Settle An as your reference point. So your 1 kg mass is at A (0, 0), 2 kg mass is at B (0.5, 0.866) and the 3 kg mass is at C (1, 0) 
By definition Center of Mass is the point where the entire mass of the framework gives off an impression of being concentrated and it is the weighted mean of directions alongside their masses 
ie X (CM) = (m1x1+m2x2+m3x3...+mnxn)/(m1+m2+m3...+mn) 
In like manner, Y (CM) is gotten by utilizing the Y organizes. 
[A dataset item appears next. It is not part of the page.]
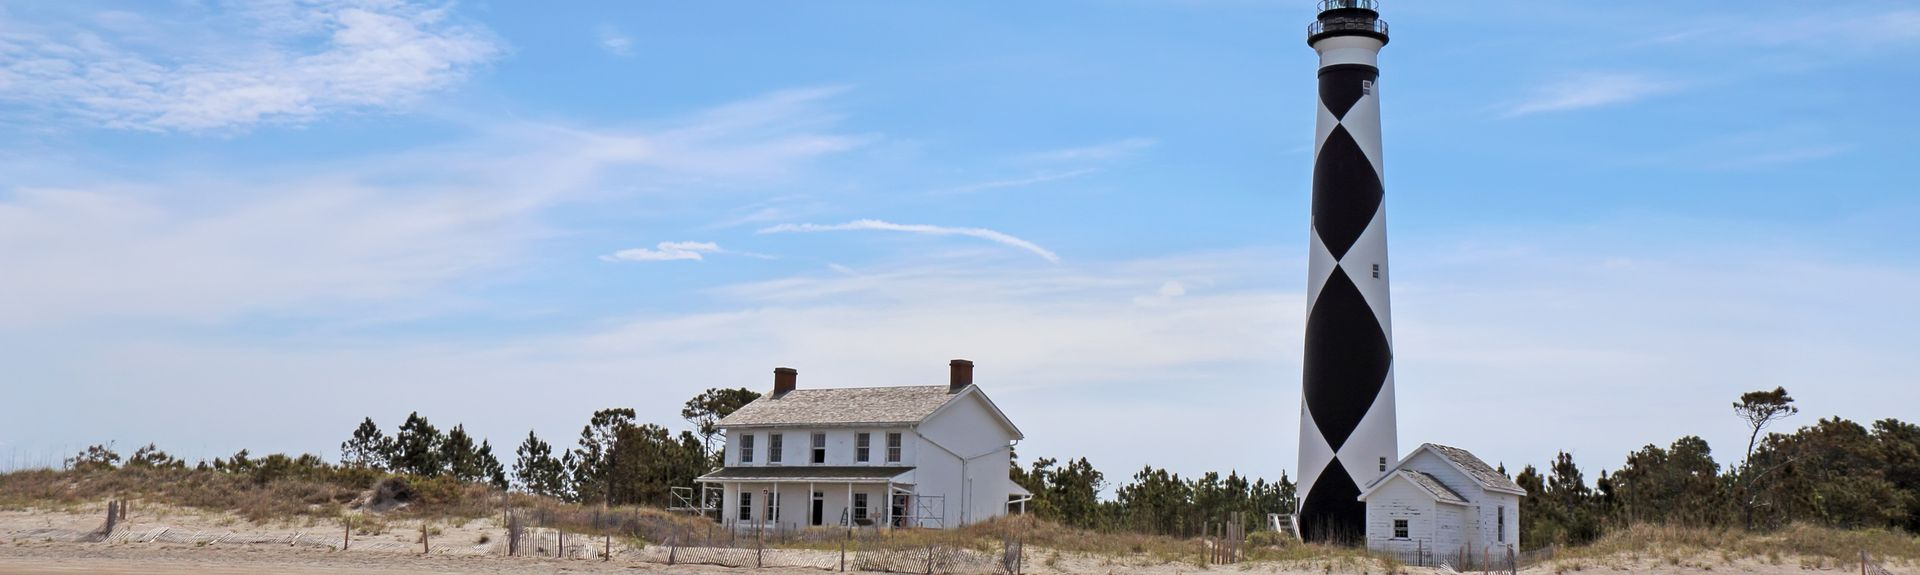 Harkers Island, North Carolina, United States of America

(X (CM), Y (CM)) gives you the directions of the focal point of mass. 
For this situation 
m1 = 1kg (x1, y1)=(0, 0) 
m2 = 2kg (x2, y2)=(0.5, 0.866) 
m3 = 3kg (x3, y3)=(1, 0) 
Presently apply the equation 
X (CM) =( (1*0)+(2*0.5)+(3*1))/(1+2+3) = 0.667. 
Y (CM)= ((1*0)+(2*0.866)+(3*0))/(1+2+3) = 0.286 
Presently, A (0, 0) CM (0.667, 0.286) 
Utilize the separation between two focuses equation.. The appropriate response will be 0.7267 meters.